In this study, we developed and validated machine learning algorithms to predict individual, patient-reported satisfaction with breasts at 2-year follow-up to better inform decision-making for women undergoing cancer-related mastectomy and subsequent implant-based or autologous breast reconstruction.
2. Methods
2.1. Patient recruitment and selection
Patients were recruited as part of an international multicenter trial (Mastectomy Reconstruction Outcomes Consortium (MROC) study, NCT01723423). MROC patient recruitment was from 2012 to 2015, while data collection went from 2012 to 2017. The trial was conducted at 11 study sites across the US and Canada and included women who underwent cancer-related mastectomy and subsequent breast reconstruction. Study participants were followed-up for two years after surgery. Choice of breast reconstructive procedure was not randomly assigned but based on surgeon and patient preferences. Further details are published elsewhere [5,14]. Ethics approval was obtained from all study sites and all patients gave their written informed consent.
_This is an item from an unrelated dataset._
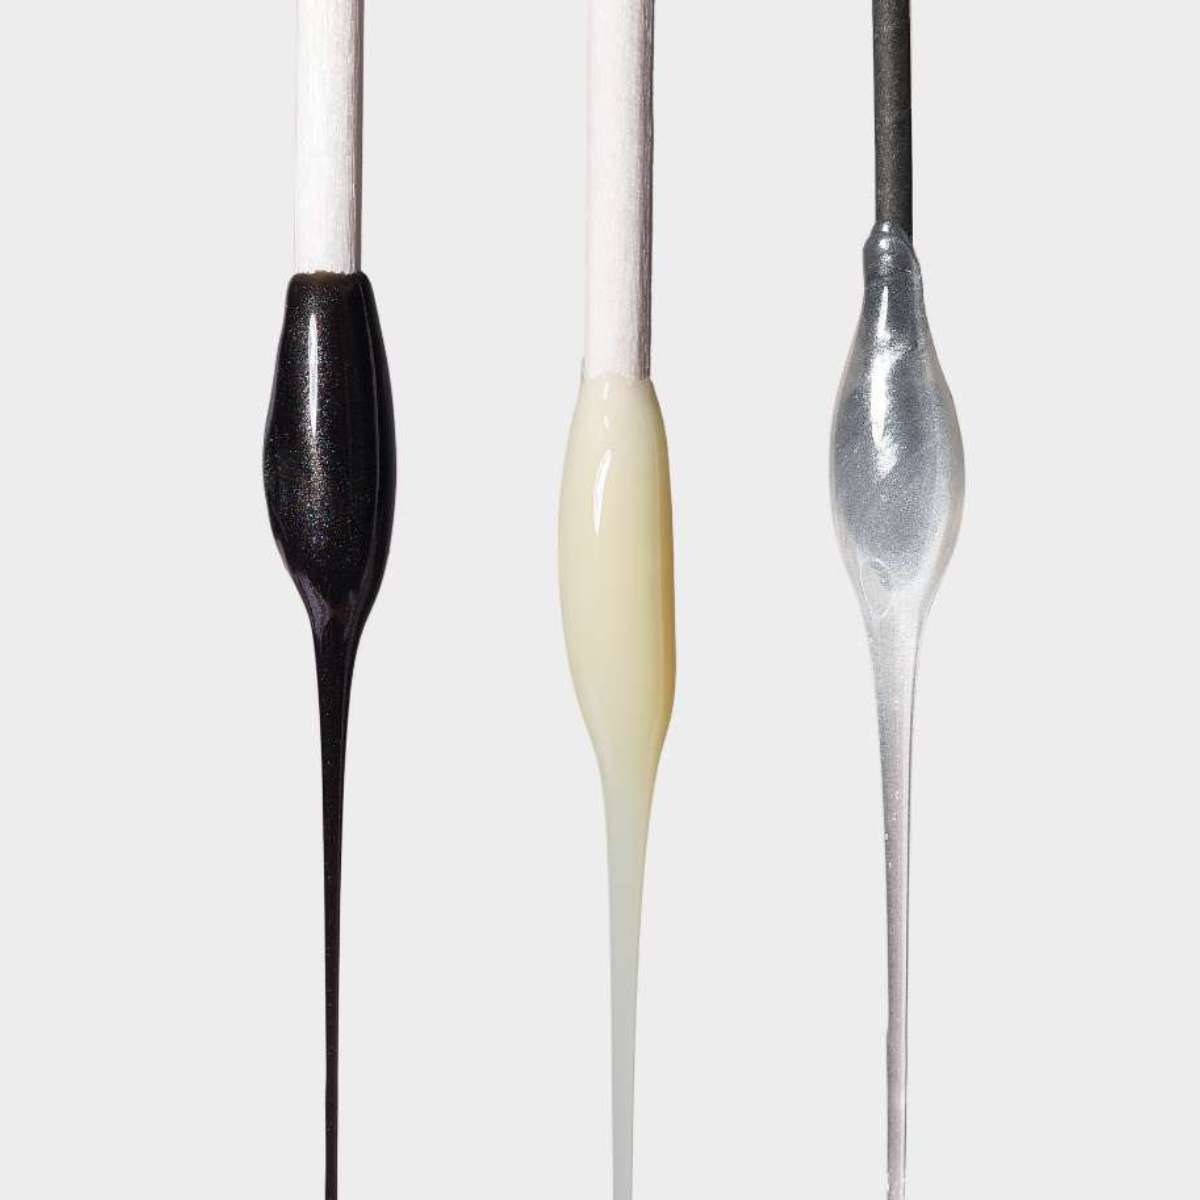 Three types of wax dripping from applicator

Inclusion criteria of the MROC study were patient age 18 years or older, prophylactic or therapeutic, bilateral or unilateral, immediate or delayed, implant-based or autologous breast reconstruction. Exclusion criteria included previously failed breast reconstruction attempts.
2.2. Design and definitions
In this analysis, we developed and validated machine learning algorithms to predict changes in individual patient-reported satisfaction with reconstructed breasts at 2-year follow-up prior to the initiation of the breast reconstruction process.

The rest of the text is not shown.